Raja of Bharatpur from 1722 to 1755

Maharaja Badan Singh (reigned 18 November 1722 – 21 May 1755) was the formal founder and first Maharaja of the Bharatpur state from 1722 to 1755. He was a nephew of Churaman Singh. After Churaman's death on 20 September 1721 there were family disputes between Badan Singh and Churaman's son Muhkam Singh. Badan Singh aligned with Jai Singh II of Jaipur to avoid the wrath of Muhkam Singh. In this family feud, Jai Singh supported Badan Singh.

== Early life ==
Badan Singh was born to a Hindu Jat family to Roop Singh who was the jagirdar of Deeg, Rajasthan. He was the nephew of Rao Churaman Singh, then the chief of Thun stronghold.

== Ancestors ==
The Hindu Jat rulers of Bharatpur kingdom and Braj claim descent from Lord Shri Krishna and indirect relationship with jadaun family of karauli kingdom.One of their ancestor was Shobha Singh who held his sway over Bayana, he attacked the modern-day Sinsini region and defeated the native tribe of Kalal Chandars.

==Architecture==

G.C. Dwivedi writes:
Badan Singh Jat had some aesthetic sense and a taste for architecture too, which is testified by the remains of his numerous buildings and garden-palaces.
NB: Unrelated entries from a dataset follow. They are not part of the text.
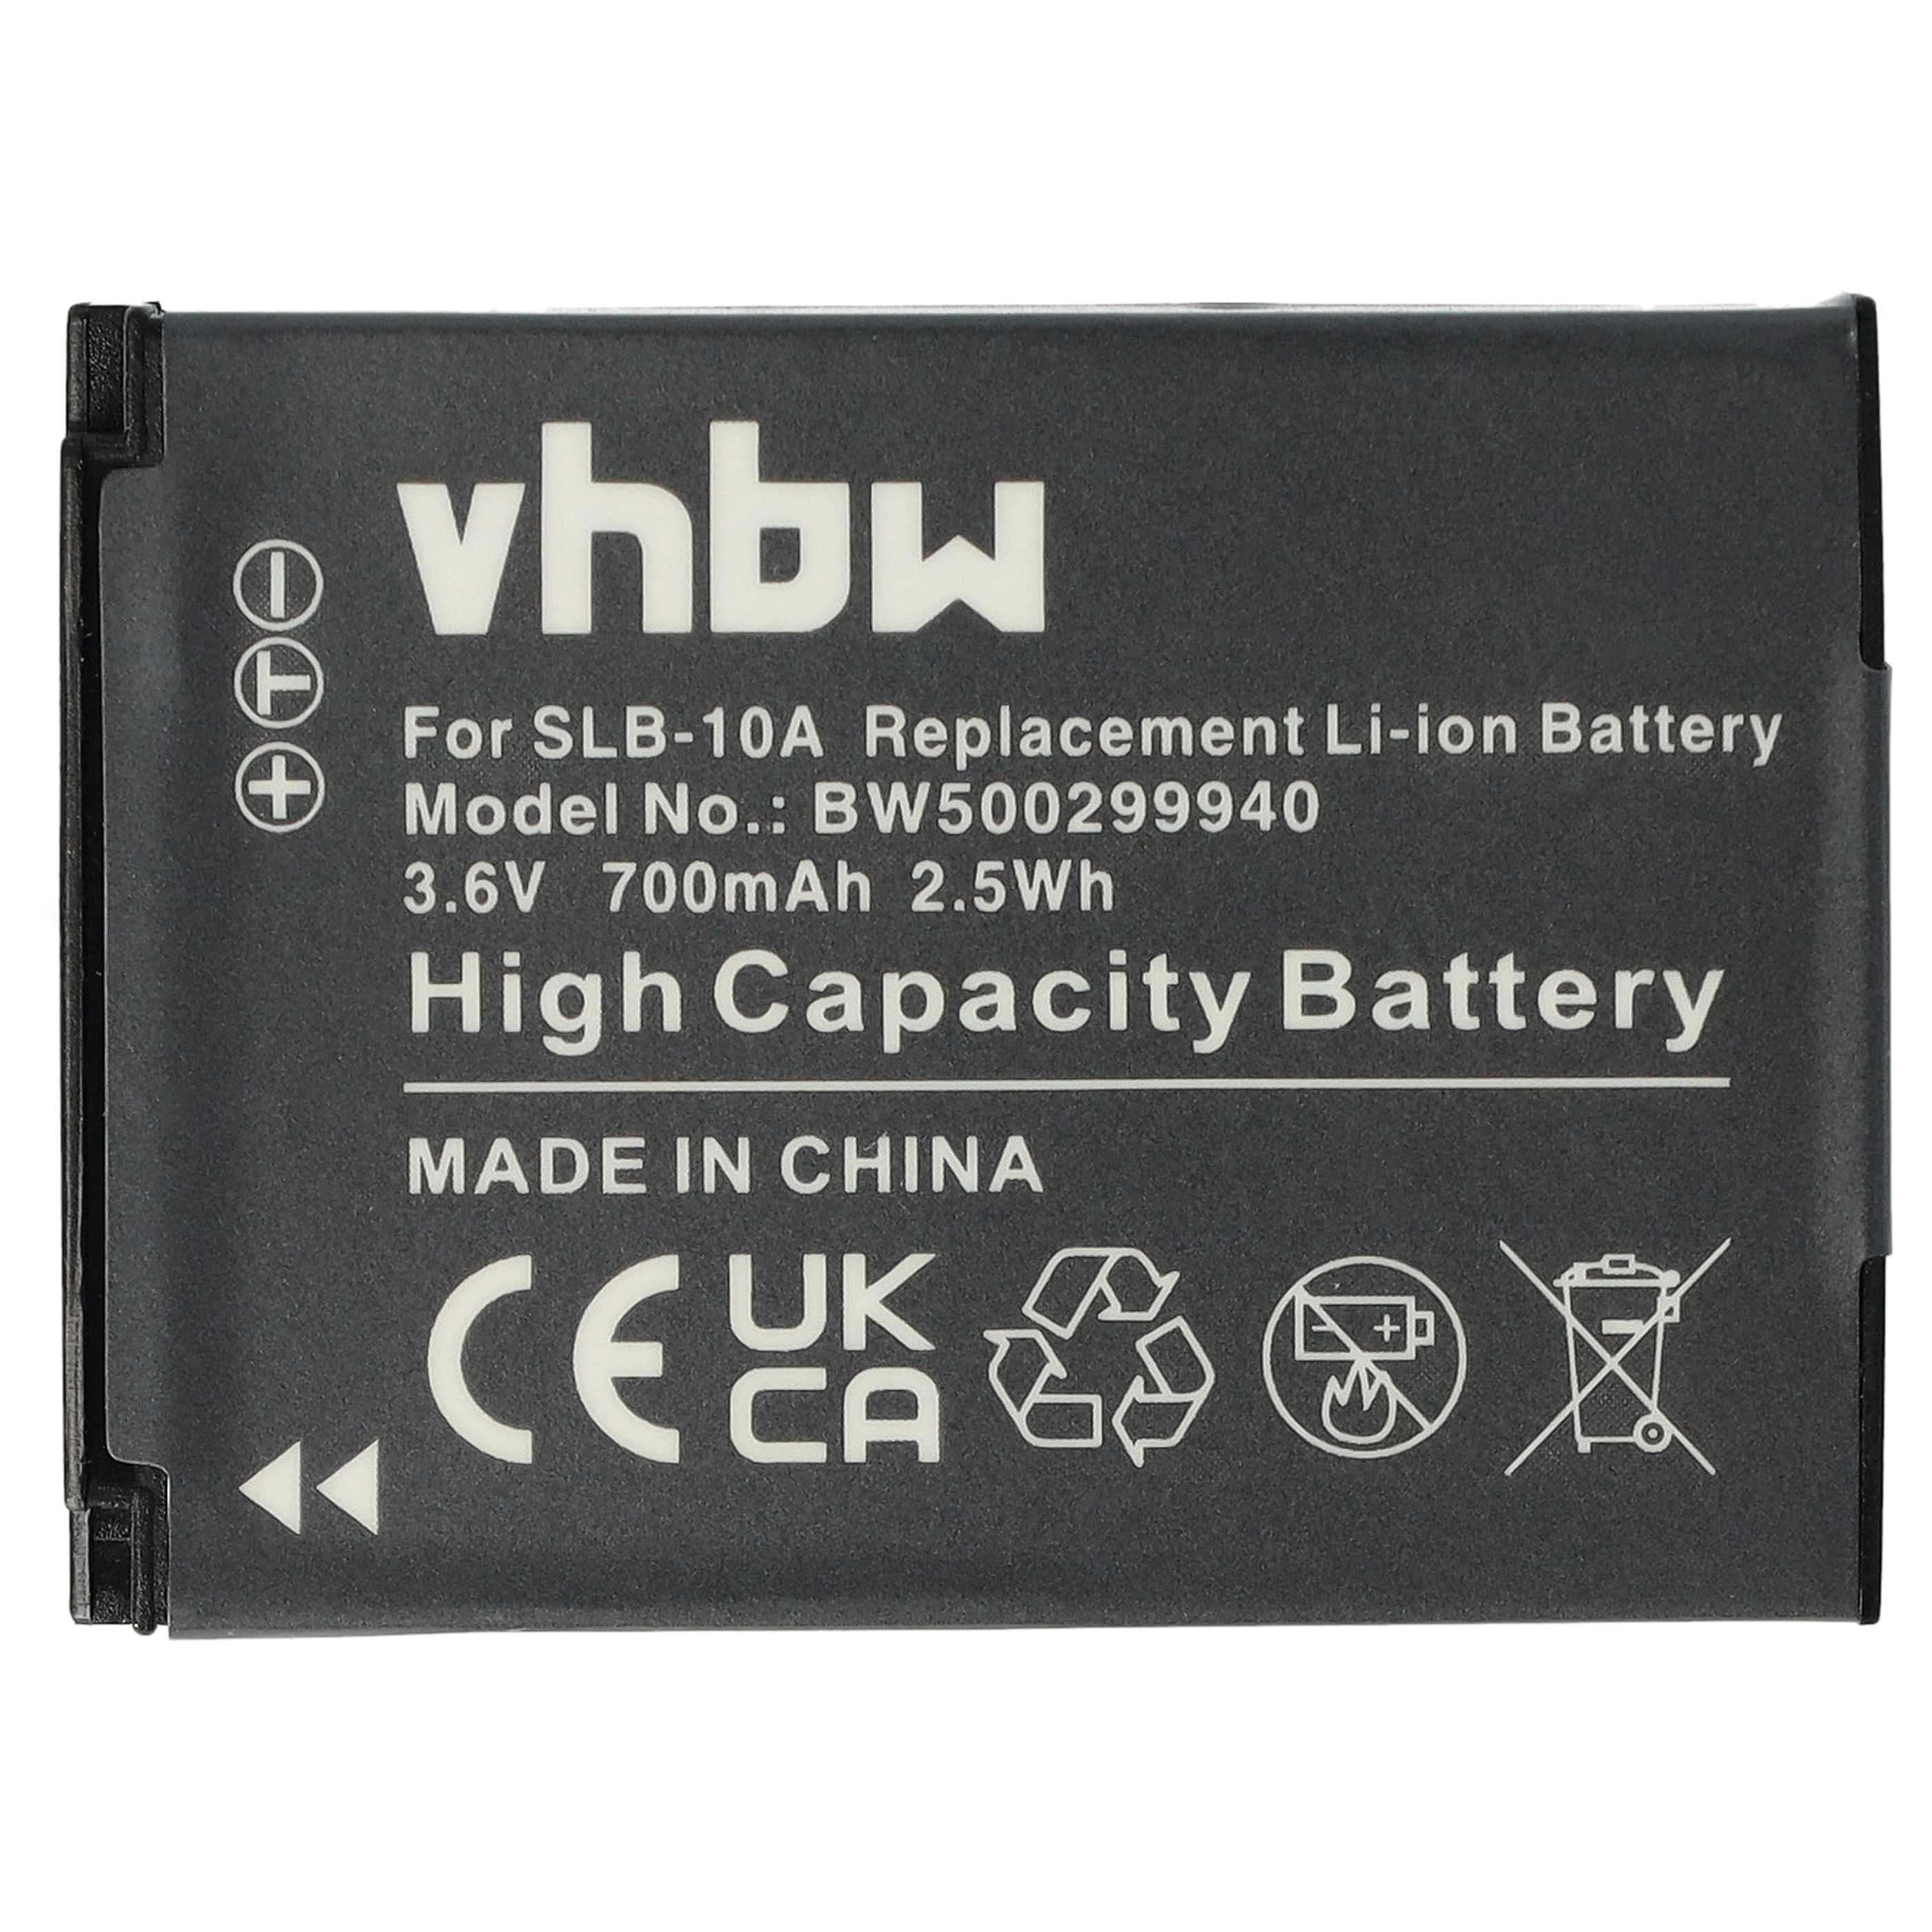 Batterie remplace Samsung BP-10A, SLB-10A, BP10A pour appareil photo - 700mAh 3,6V Li-ion
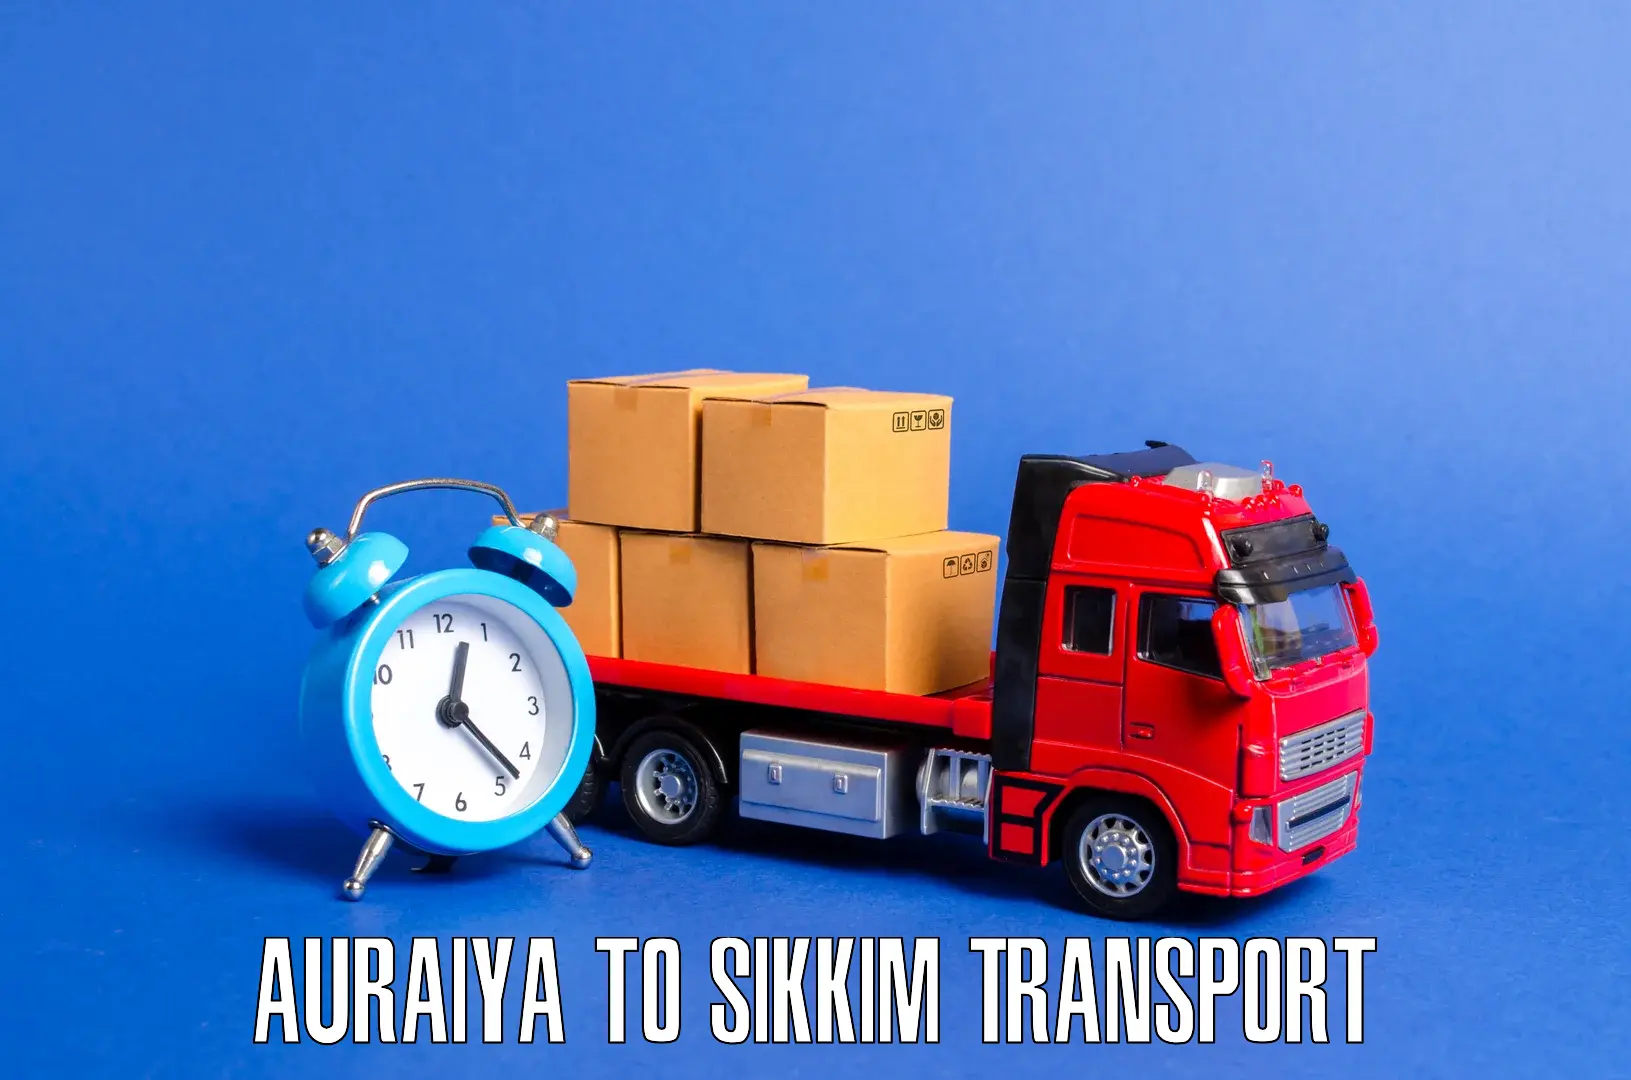 Pick up transport service Auraiya to Mangan
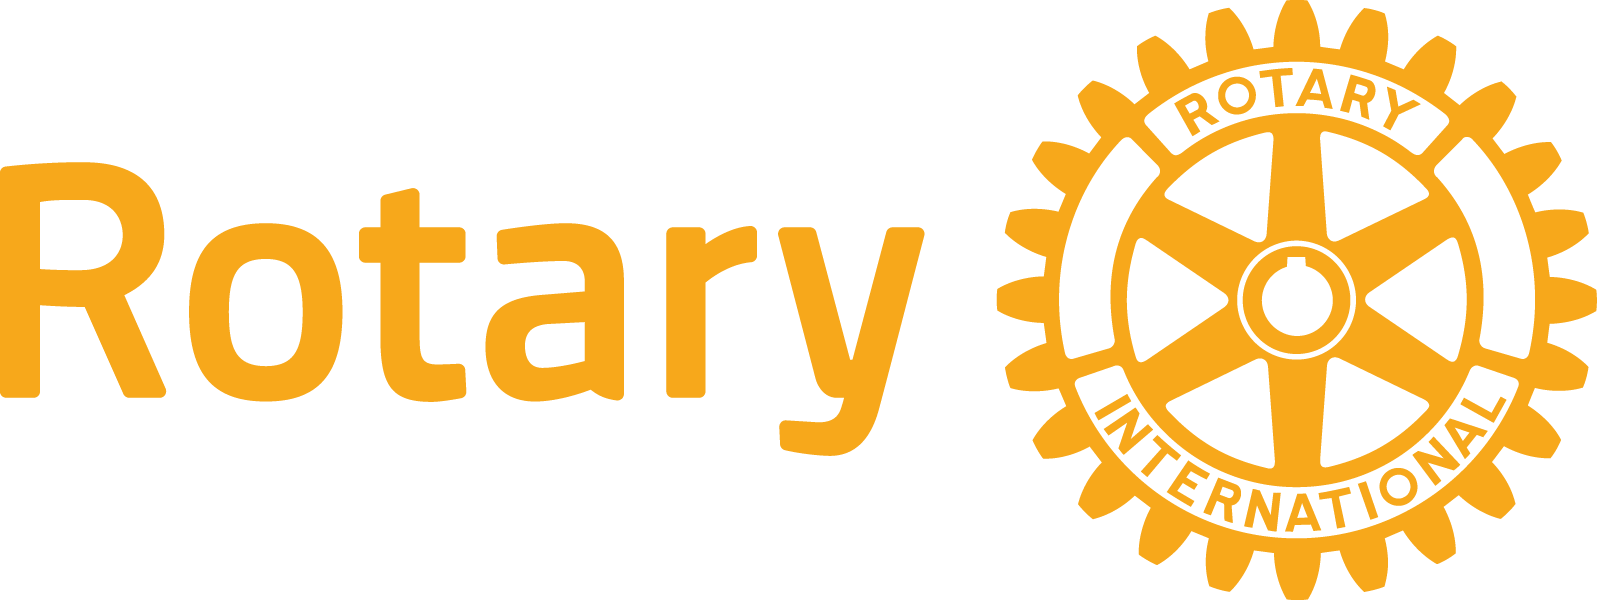 rotary international logo yellow
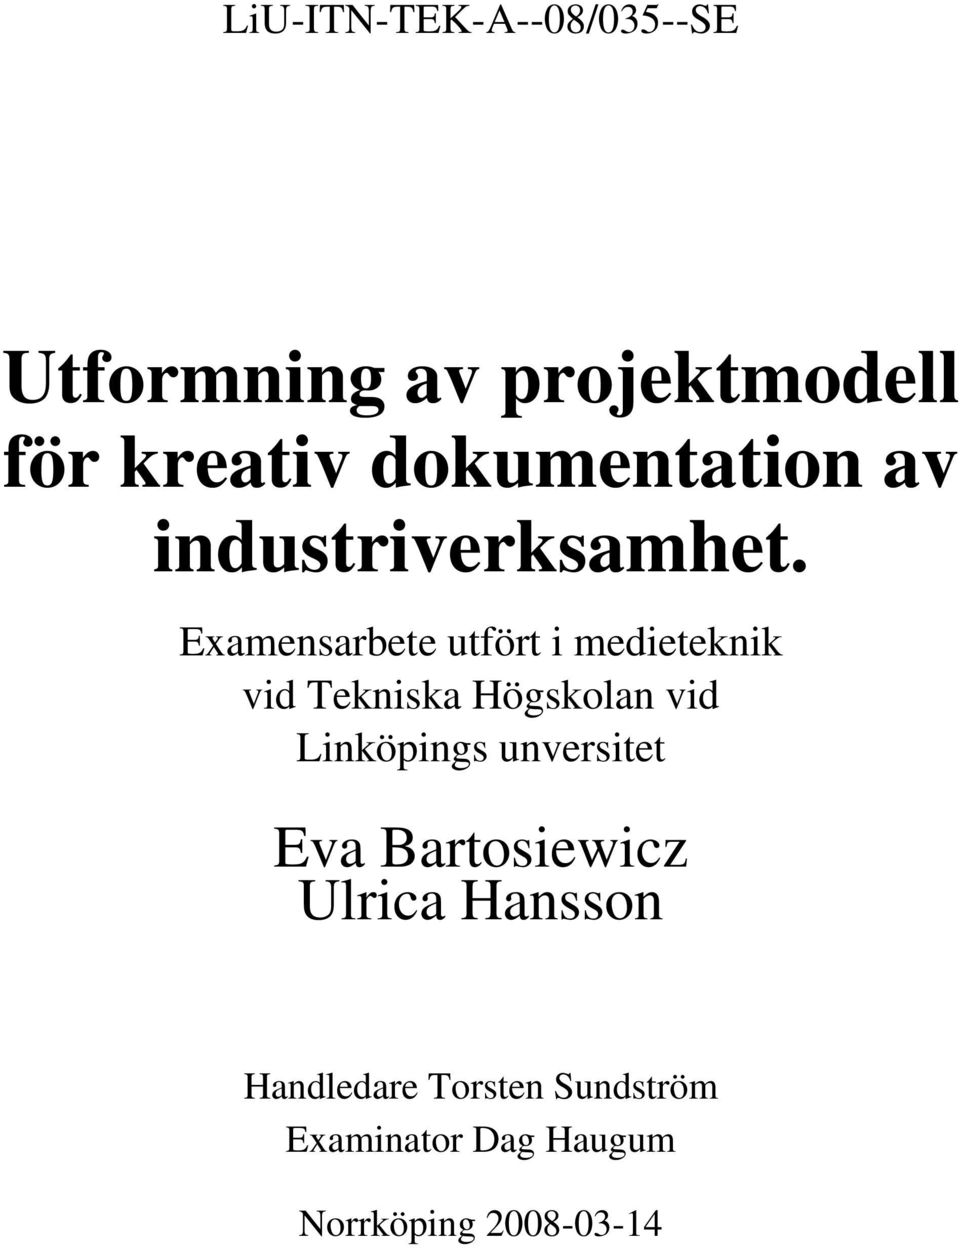 Examensarbete utfört i medieteknik vid Tekniska Högskolan vid Linköpings

He beautified the fort of Deeg with handsome palaces, which are known as the Purana Mahal.

At Weir in the Bayana district, he planted within the fort a large garden with a beautiful house and reservoirs in the centre, now called Phul-bari.

He also built palaces at Kamar as well as at Sahar, which are now in ruin, and dedicated a temple at Brindaban, known by the poetic name of Dhir Samir.

Badan Singh lived to a ripe old age, which he spent in happy retirement at Sahar, leaving the management of his State to his most capable son Suraj Mal. He died on 21 May 1755 with the usual suspicion of him being poisoned, though there were no imaginable grounds for this.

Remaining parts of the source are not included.